Annie Gentils Gallery

During the Summer of 2021, M HKA museum made a small retrospective of the work of British artist Andrew Webb (1966-2019). To honour Andrew we will organise an exhibition with paintings and other works he was preparing for his exhibition at our gallery in 2019 when he suddenly died February 2019. Webb was born in Warwickshire, England, and studied at Goldsmith's College, University of London. After a short stay in Spain, he and his partner Jon Thompson moved to Belgium in the mid-1990s, where he lived first in Antwerp and then in Brussels until 2008. From 2008 he lived and worked in Sandwich (Kent, England).
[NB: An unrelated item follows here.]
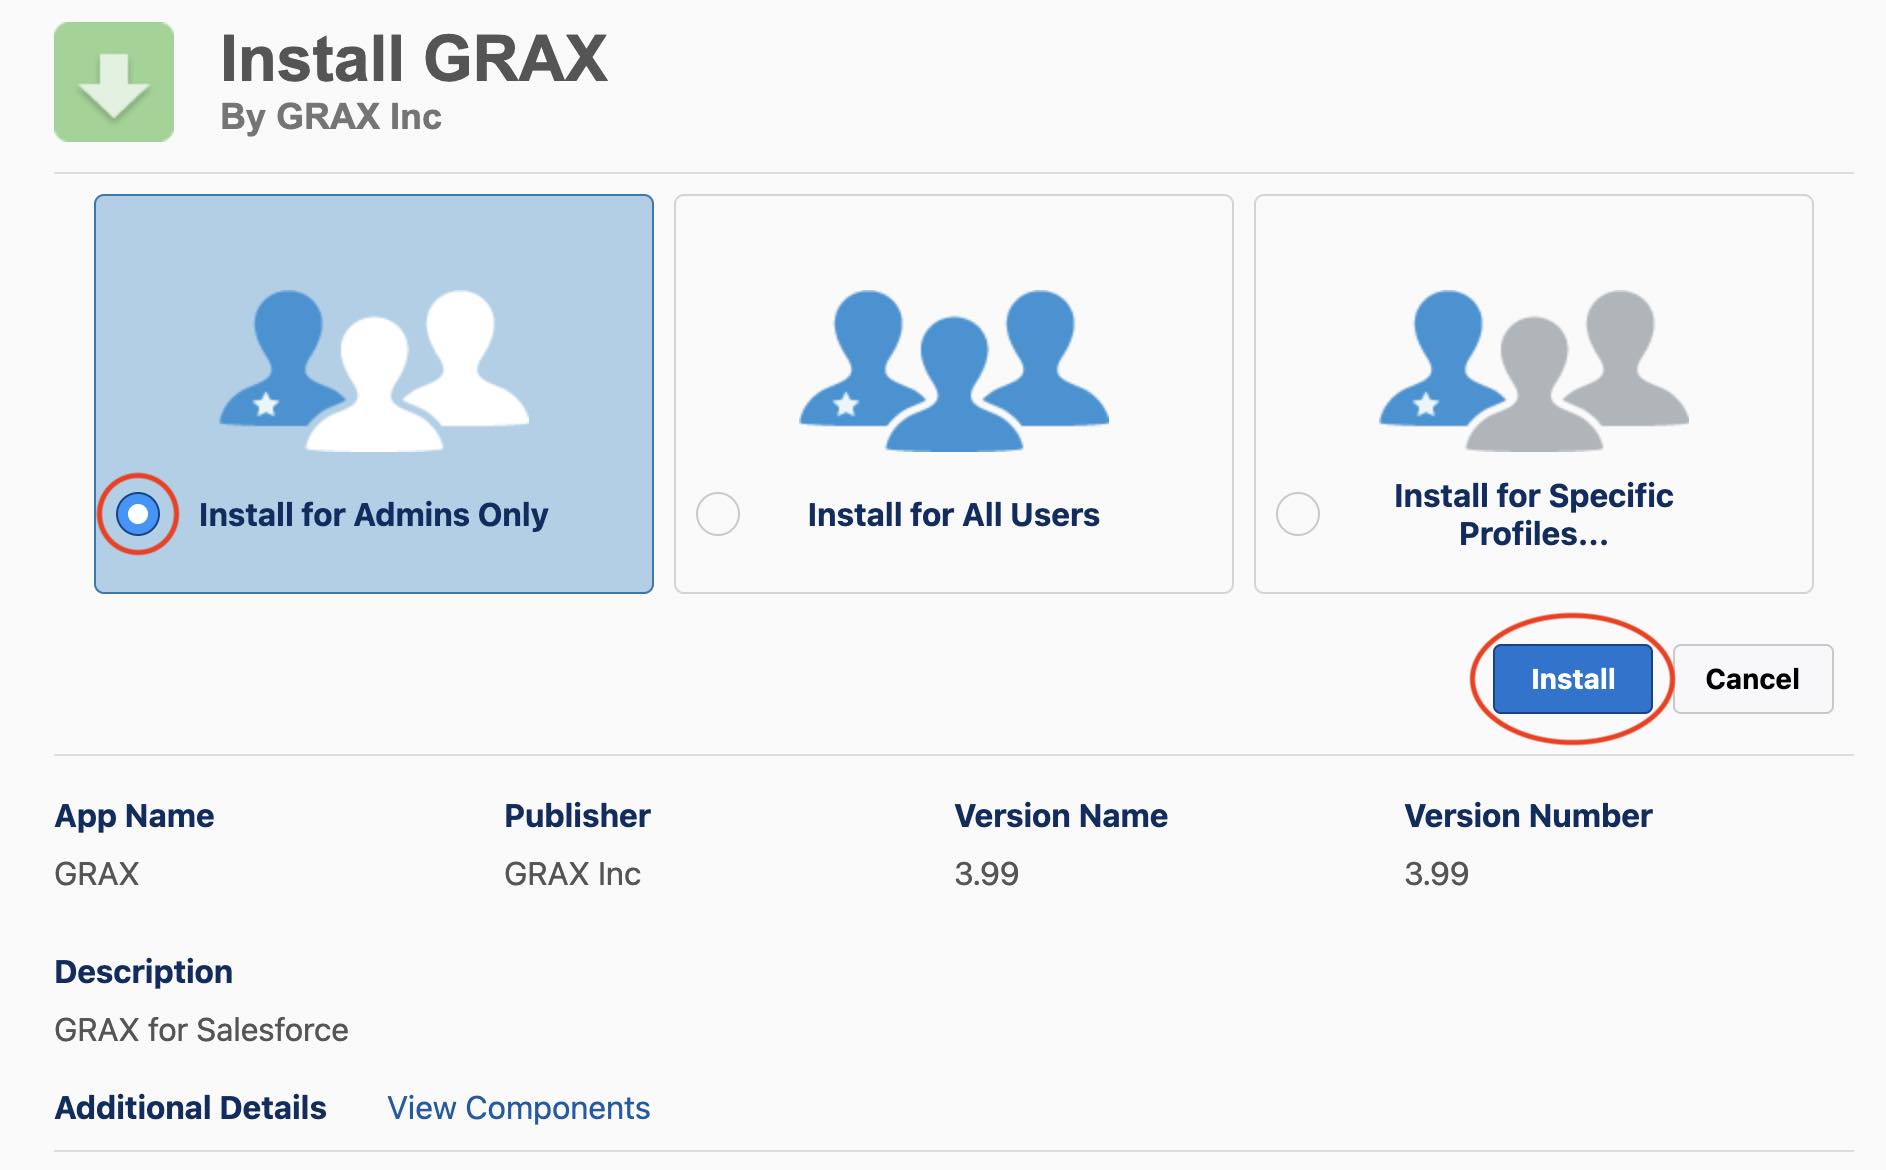 Install GRAX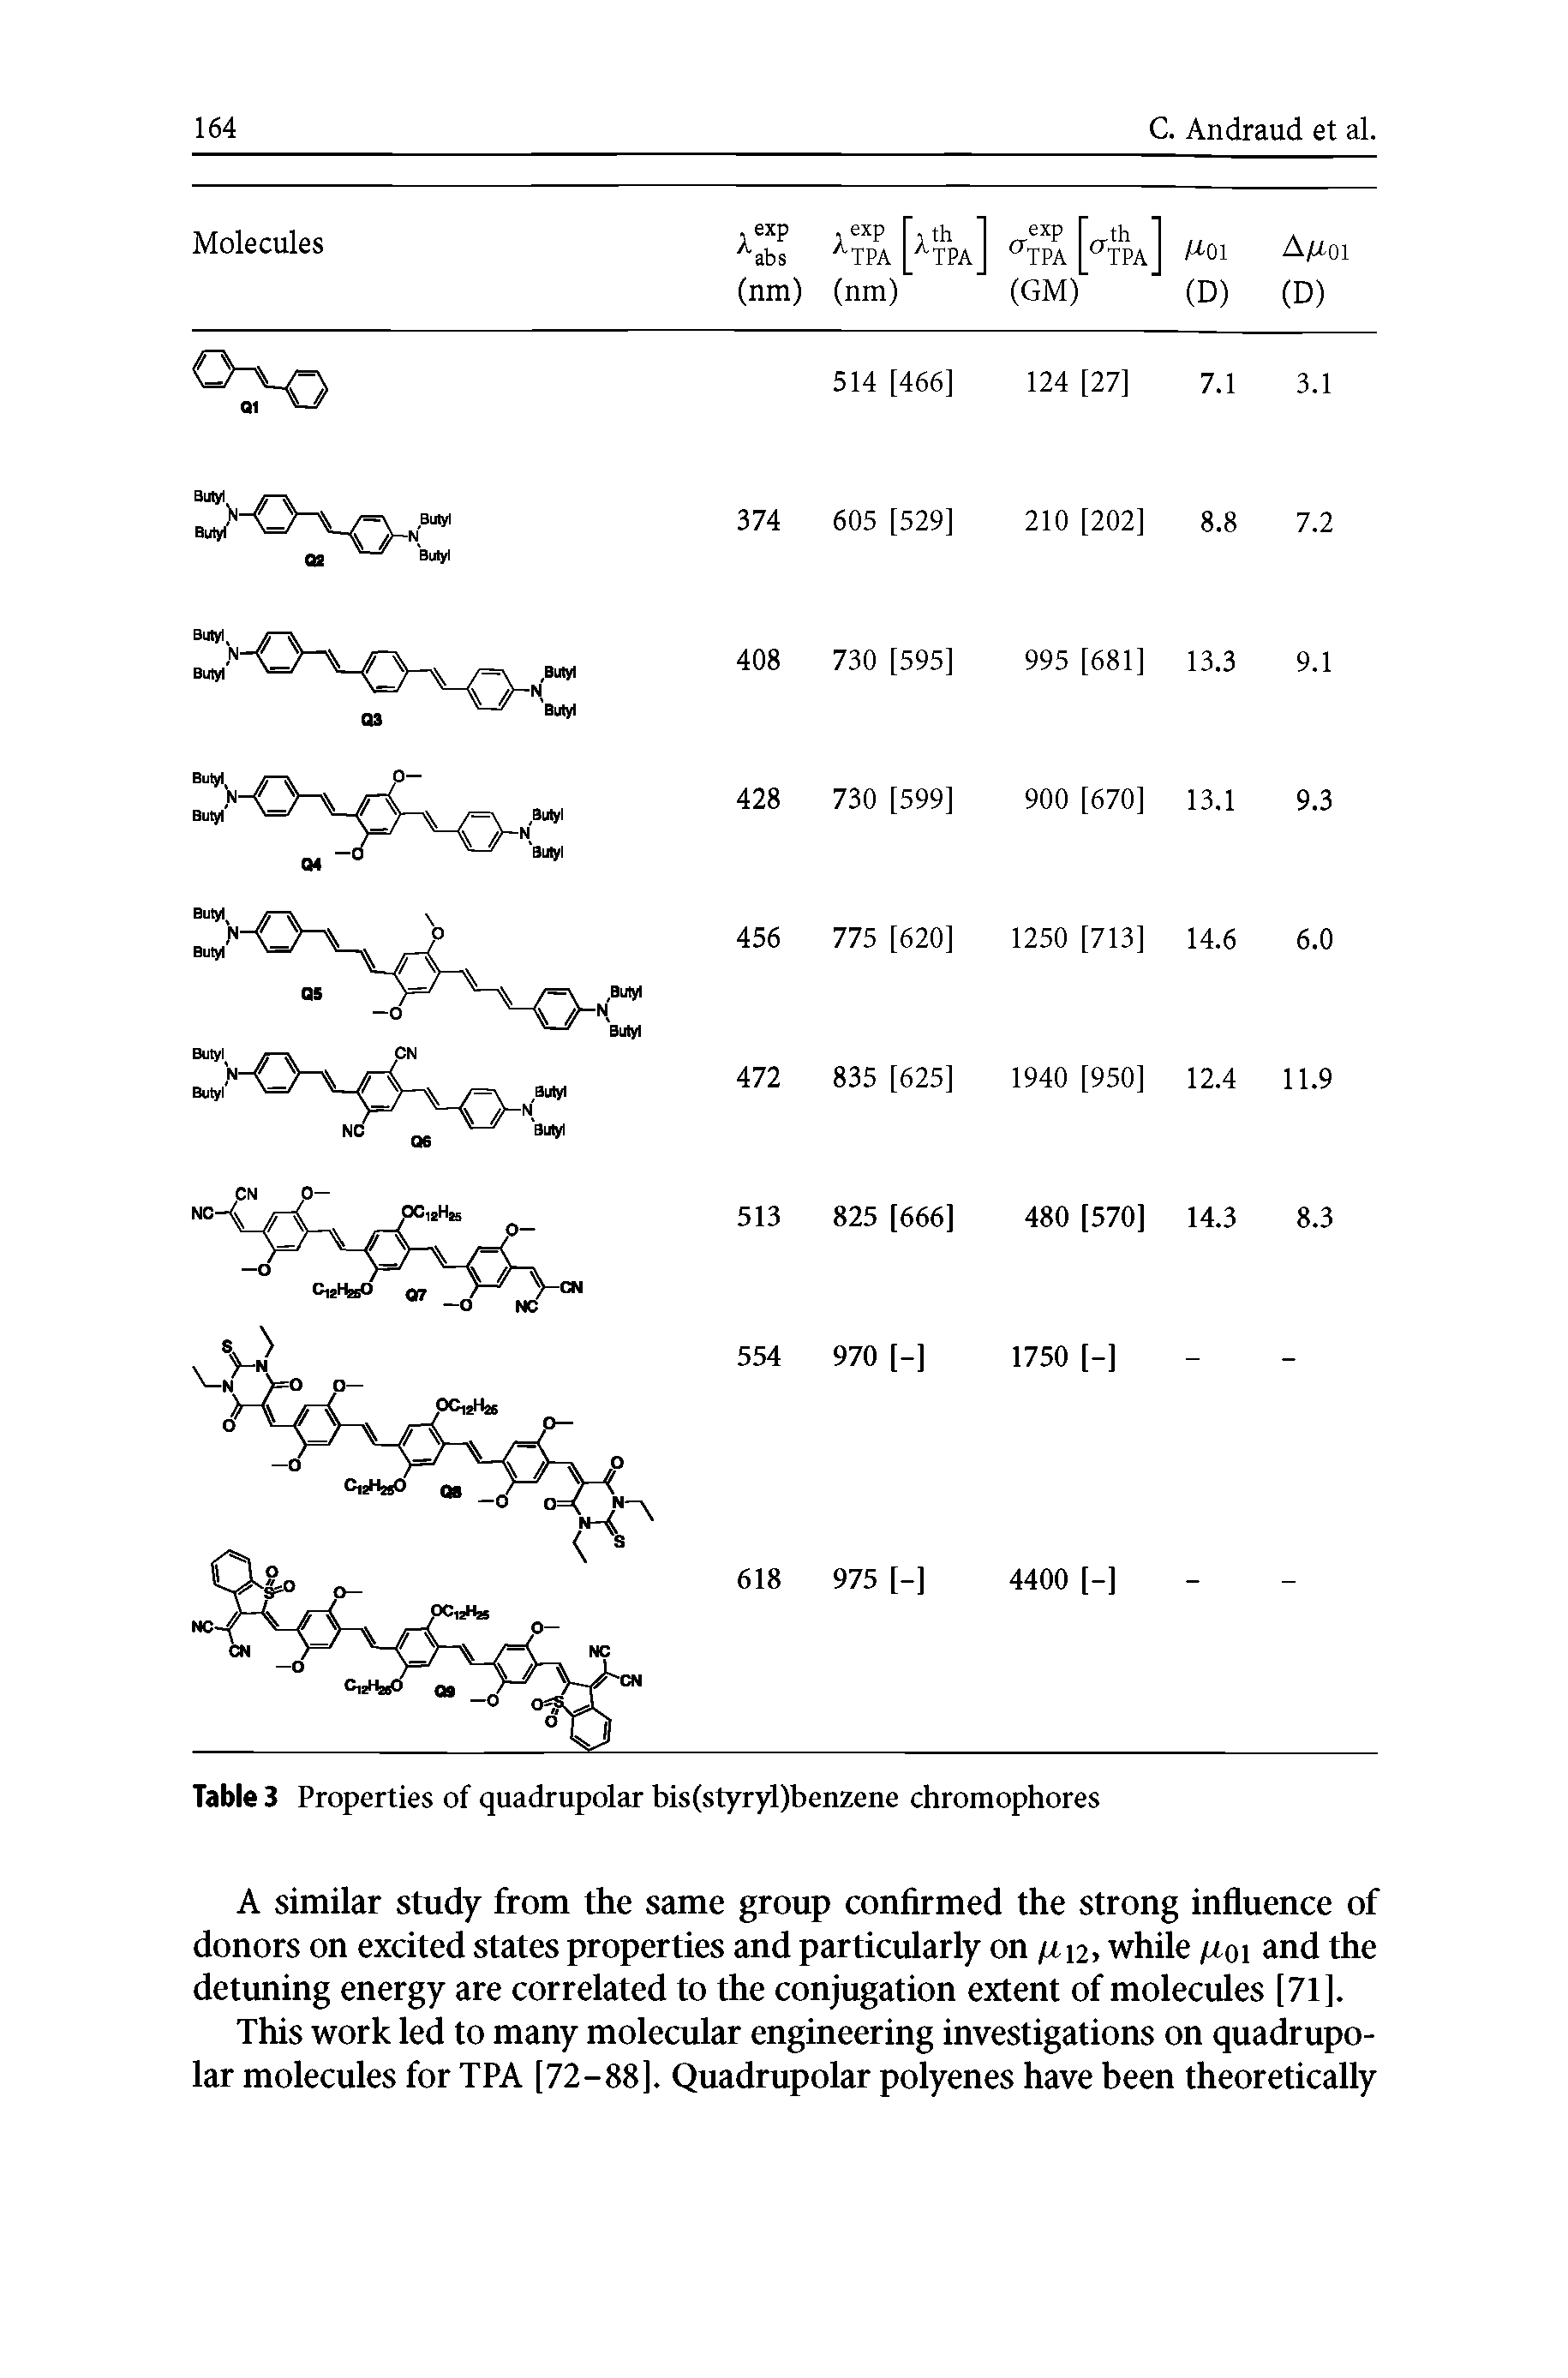 Table 3 Properties of quadrupolar bis(styryl)benzene chromophores...

Andrew Webb's oeuvre initially consists of conceptually based objects and collages. Although influenced by Dadaism and Surrealism, his work is definitely contemporary and makes frequent use of language with visual and phonetic puns and anagrams, humour and eroticism. Jean Fisher (1942 - 2016) wrote: "Webb works with the visual-verbal pun, the anagram and the portmanteau word that more often than not hide a sexual meaning. They form the hinge what Duchamp called a 'corridor of humour' through which our expectations of language and meaning are disrupted and experience is opened up to the play of fantasy."
From 2011 Andrew concentrated on painting with his own typical brushwork in oil on canvas. The last paintings refer to his important spatial works: The aristocratic Hairline Machine, The Line of Saved, and the use of missals in his collages and sculptures.